(Beginning of Exercise data)

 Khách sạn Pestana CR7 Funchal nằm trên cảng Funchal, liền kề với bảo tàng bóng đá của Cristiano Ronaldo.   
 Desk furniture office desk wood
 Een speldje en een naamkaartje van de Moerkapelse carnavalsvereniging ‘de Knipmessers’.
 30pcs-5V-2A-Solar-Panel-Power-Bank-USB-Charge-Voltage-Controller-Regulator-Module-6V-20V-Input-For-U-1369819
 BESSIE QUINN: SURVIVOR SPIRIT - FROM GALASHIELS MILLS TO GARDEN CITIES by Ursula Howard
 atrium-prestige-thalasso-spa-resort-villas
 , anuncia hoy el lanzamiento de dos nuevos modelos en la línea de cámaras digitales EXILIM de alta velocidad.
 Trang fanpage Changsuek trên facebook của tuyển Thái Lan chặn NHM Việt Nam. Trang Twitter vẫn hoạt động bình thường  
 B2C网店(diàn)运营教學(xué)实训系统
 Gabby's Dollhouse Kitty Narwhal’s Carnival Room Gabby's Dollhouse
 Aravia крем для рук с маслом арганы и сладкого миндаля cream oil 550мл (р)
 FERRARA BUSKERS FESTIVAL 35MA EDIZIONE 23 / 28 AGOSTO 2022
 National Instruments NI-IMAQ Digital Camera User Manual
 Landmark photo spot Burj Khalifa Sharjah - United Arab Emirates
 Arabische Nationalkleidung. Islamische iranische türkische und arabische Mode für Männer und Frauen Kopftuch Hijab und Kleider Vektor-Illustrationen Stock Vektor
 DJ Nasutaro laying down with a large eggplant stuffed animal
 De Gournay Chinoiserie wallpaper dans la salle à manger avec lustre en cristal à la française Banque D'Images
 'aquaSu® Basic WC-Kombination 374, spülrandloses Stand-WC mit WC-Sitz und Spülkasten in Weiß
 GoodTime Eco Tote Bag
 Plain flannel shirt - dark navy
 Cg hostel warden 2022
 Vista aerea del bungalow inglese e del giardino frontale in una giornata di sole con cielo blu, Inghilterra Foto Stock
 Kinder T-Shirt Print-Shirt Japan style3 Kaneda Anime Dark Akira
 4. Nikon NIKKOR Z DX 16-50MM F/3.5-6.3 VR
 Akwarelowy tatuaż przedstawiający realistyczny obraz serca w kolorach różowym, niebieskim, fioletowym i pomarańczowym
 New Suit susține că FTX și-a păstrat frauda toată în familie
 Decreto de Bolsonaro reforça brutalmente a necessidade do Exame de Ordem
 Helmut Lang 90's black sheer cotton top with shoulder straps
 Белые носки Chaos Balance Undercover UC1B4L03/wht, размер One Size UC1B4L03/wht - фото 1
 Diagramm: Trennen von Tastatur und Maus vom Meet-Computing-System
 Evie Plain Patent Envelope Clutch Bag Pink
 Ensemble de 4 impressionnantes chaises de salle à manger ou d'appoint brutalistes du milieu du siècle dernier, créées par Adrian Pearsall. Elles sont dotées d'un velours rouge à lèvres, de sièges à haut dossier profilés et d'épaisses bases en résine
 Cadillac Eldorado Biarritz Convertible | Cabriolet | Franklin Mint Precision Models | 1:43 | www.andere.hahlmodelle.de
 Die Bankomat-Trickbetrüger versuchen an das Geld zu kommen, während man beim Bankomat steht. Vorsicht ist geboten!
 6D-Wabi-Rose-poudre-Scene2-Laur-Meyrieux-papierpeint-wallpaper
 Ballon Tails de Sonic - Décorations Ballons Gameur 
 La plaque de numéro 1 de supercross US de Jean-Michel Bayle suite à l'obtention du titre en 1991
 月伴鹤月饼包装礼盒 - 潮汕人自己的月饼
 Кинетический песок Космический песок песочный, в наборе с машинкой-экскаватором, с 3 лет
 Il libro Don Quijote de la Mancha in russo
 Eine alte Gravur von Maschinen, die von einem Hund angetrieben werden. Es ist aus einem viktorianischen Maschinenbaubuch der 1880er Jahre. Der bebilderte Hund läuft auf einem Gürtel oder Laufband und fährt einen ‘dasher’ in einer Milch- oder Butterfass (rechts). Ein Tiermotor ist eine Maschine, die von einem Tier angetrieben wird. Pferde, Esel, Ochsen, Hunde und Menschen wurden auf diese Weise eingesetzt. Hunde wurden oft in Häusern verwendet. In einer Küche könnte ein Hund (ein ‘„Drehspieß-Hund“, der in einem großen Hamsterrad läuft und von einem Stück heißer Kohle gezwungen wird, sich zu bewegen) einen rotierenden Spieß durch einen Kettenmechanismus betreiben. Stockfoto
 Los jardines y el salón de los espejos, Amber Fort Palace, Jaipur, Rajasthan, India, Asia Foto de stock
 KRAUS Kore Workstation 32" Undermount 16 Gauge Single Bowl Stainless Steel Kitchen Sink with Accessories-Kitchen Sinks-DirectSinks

(End of Exercise data)

◆ Requirement:
Please give back, exactly as it stands above, the stretch from the line with "DJ Nasutaro laying" through the line with "Il libro Don Quijote de la Mancha in russo", and no line outside it.

◆ Task answer:
 DJ Nasutaro laying down with a large eggplant stuffed animal
 De Gournay Chinoiserie wallpaper dans la salle à manger avec lustre en cristal à la française Banque D'Images
 'aquaSu® Basic WC-Kombination 374, spülrandloses Stand-WC mit WC-Sitz und Spülkasten in Weiß
 GoodTime Eco Tote Bag
 Plain flannel shirt - dark navy
 Cg hostel warden 2022
 Vista aerea del bungalow inglese e del giardino frontale in una giornata di sole con cielo blu, Inghilterra Foto Stock
 Kinder T-Shirt Print-Shirt Japan style3 Kaneda Anime Dark Akira
 4. Nikon NIKKOR Z DX 16-50MM F/3.5-6.3 VR
 Akwarelowy tatuaż przedstawiający realistyczny obraz serca w kolorach różowym, niebieskim, fioletowym i pomarańczowym
 New Suit susține că FTX și-a păstrat frauda toată în familie
 Decreto de Bolsonaro reforça brutalmente a necessidade do Exame de Ordem
 Helmut Lang 90's black sheer cotton top with shoulder straps
 Белые носки Chaos Balance Undercover UC1B4L03/wht, размер One Size UC1B4L03/wht - фото 1
 Diagramm: Trennen von Tastatur und Maus vom Meet-Computing-System
 Evie Plain Patent Envelope Clutch Bag Pink
 Ensemble de 4 impressionnantes chaises de salle à manger ou d'appoint brutalistes du milieu du siècle dernier, créées par Adrian Pearsall. Elles sont dotées d'un velours rouge à lèvres, de sièges à haut dossier profilés et d'épaisses bases en résine
 Cadillac Eldorado Biarritz Convertible | Cabriolet | Franklin Mint Precision Models | 1:43 | www.andere.hahlmodelle.de
 Die Bankomat-Trickbetrüger versuchen an das Geld zu kommen, während man beim Bankomat steht. Vorsicht ist geboten!
 6D-Wabi-Rose-poudre-Scene2-Laur-Meyrieux-papierpeint-wallpaper
 Ballon Tails de Sonic - Décorations Ballons Gameur 
 La plaque de numéro 1 de supercross US de Jean-Michel Bayle suite à l'obtention du titre en 1991
 月伴鹤月饼包装礼盒 - 潮汕人自己的月饼
 Кинетический песок Космический песок песочный, в наборе с машинкой-экскаватором, с 3 лет
 Il libro Don Quijote de la Mancha in russo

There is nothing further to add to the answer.